From a mechanical perspective loading of the implant directly post-operative does not considerably increase bone failure risk. Therefore, assuming an accurate fit between the implant and prosthesis, a shorter delay period between implantation and loading of the stem may be considered. However, whether early loading would jeopardize bony ingrowth due to dynamic motions at the implant–bone interface was not analyzed in this study and would require further analyses.

A considerable increase in the failure risk of the bone–implant integrity was found with a body mass increase to 100 kg, which justifies the limitation used in clinical practice. It furthermore highlights that the factor of safety against mechanical failure of these reconstructions is relatively low, which corresponds to the reported in vivo literature.4,28,30

In conclusion, we found some general differences between the two designs analyzed in this study. The ISP design seemed to have a slightly more physiological SED distribution (favoring long-term bone maintenance), whereas the OPRA design generated lower bone stresses (reducing the risk of bone fracture). The application of a low-stiffness porous layer on the ISP stem’s surface appears to be very favorable for bone–implant interface safety. With this respect we would recommend this method for the intramedullary fixation.

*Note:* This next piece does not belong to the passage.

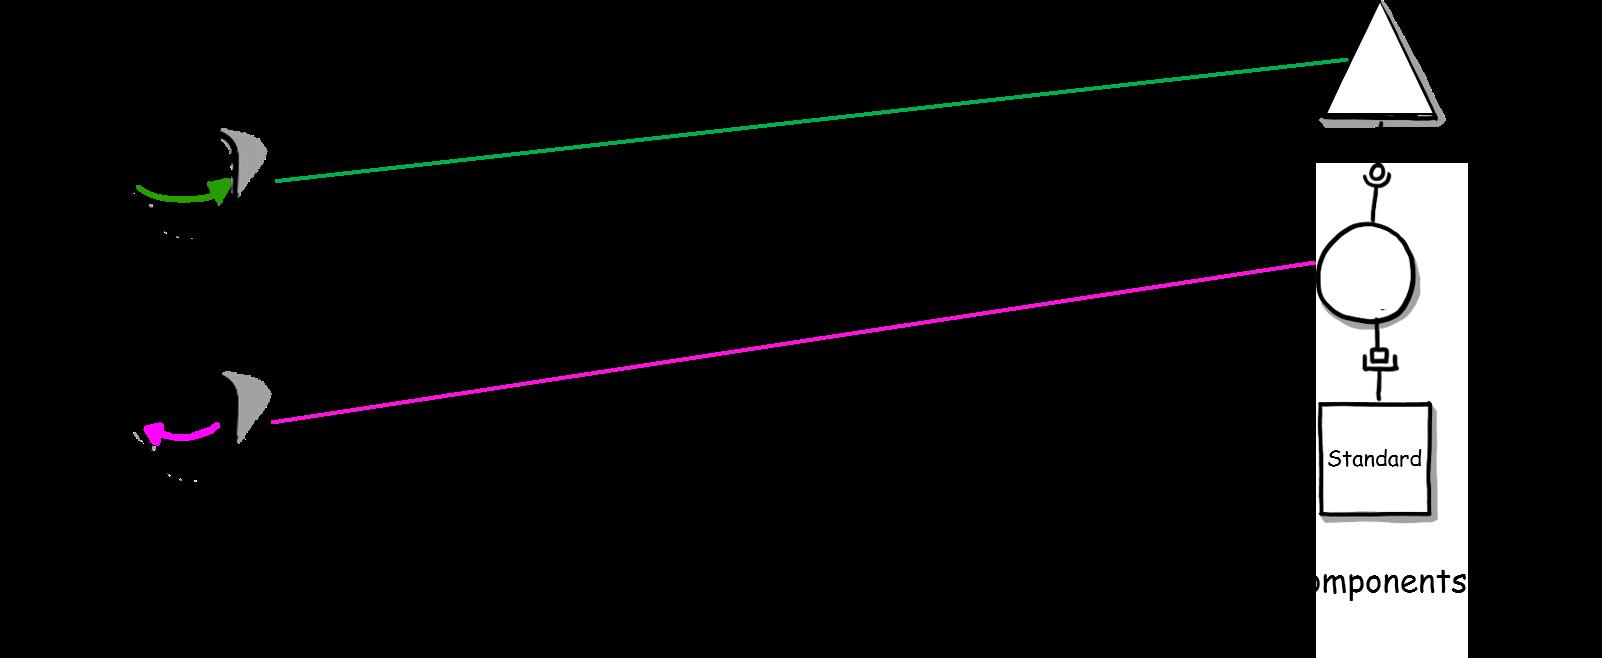 modular-system_with_modularization

In a more general sense, implantation of a percutaneous amputation prosthesis had considerable effects on the stress and SED levels in the bone. This was not only caused by the implant itself, but also by the changed loading conditions. The safety factor against periprosthetic bone failure of the two percutaneous designs was relatively low. In order to increase it, we recommend to use a porous metal layer on the entire intramedullary part of a stem. The performed analysis is currently used to develop an alternative implant design with increased safety factor against mechanical failure.